The SECARB Cranfield project has produced information relevant to long-term storage in saline aquifers, as well as storage incidental to CO2 enhanced oil recovery (EOR). The SECARB project added testing passive pressure in the above-zone monitoring interval (AZMI), supported injection at high rates, and assessed capacity of the downdip brine-bearing part of the system to accept additional CO2 through a ¡ªstacked storage concept.
Capacity-assessment results include a multiphysics assessment of distribution of the CO2 plume in time and space in heterogeneous lithologies. The 20-m-thick sandstones and conglomerates of the lower Tuscaloosa injection zone are predominantly highly permeable strata, but as flow evolved under a changing injection rate, CO2 accessed only preferred paths. Dissolution of CO2 into brine caused methane to come out of solution, which can have a significant impact on capacity where this process is important.

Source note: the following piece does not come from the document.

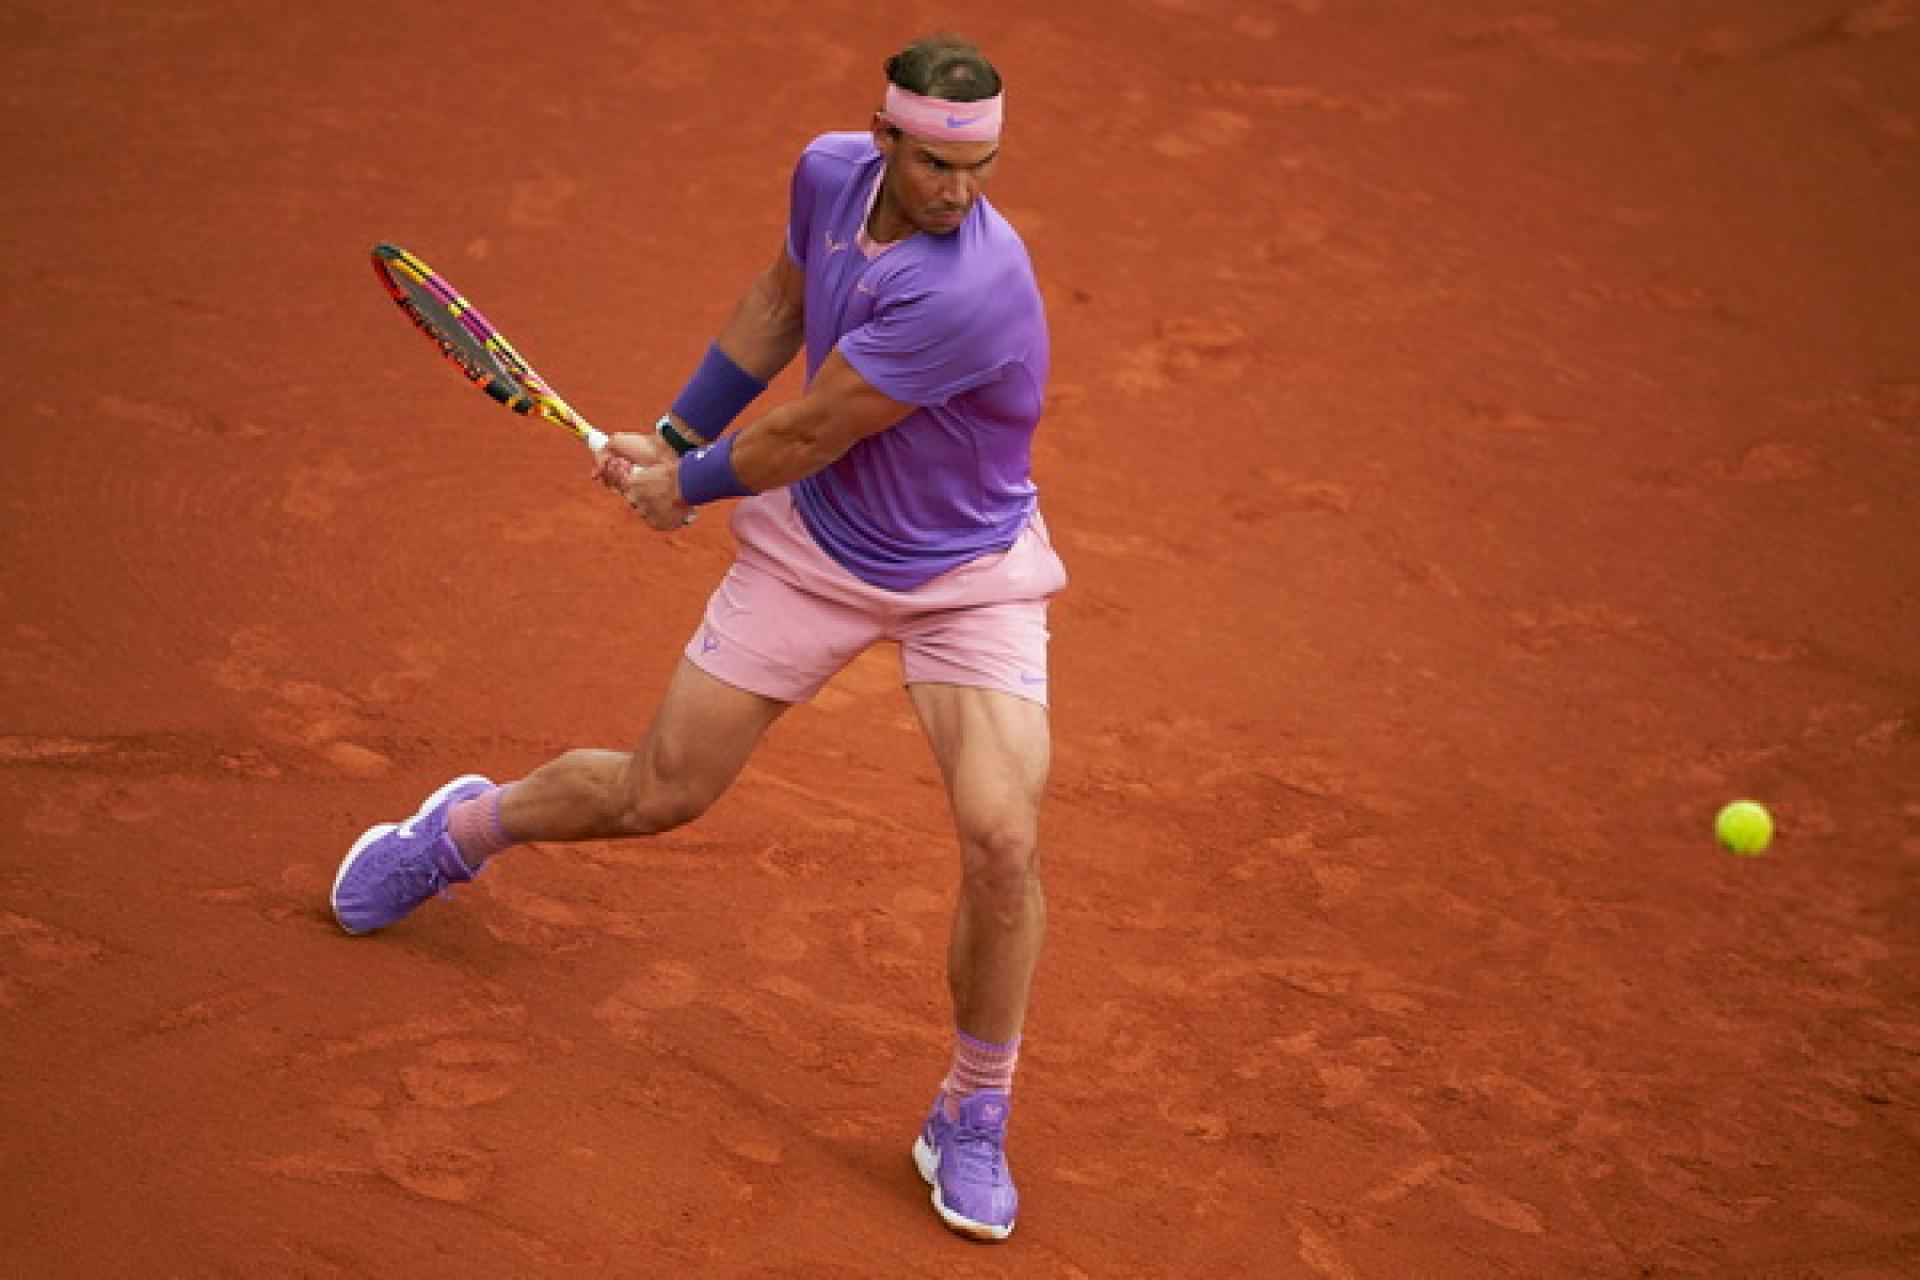 Barcelona Open 2021: Rafael Nadal vs. Kei Nishikori Tennis Pick and Prediction

The monitoring program in the reservoir included fieldwide injection and production data, 4-D seismic, downhole pressure and temperature, geochemical sampling, and microseismic monitoring. Focused studies tested real-time pressure and temperature in an AZMI as a tool for detecting nonconformance. At the detailed area of study (DAS) in the downdip water leg, processes at the well- and interwell- scale were measured using electrical, acoustic, geochemical, pressure, pulsed-neutron, and thermal tools. Near-surface deployments included groundwater monitoring and a soil-gas study area. Data collected are still in assessment via numerous collaborations. Modeling by numerous teams is under way so that maximum information can be extracted from observations.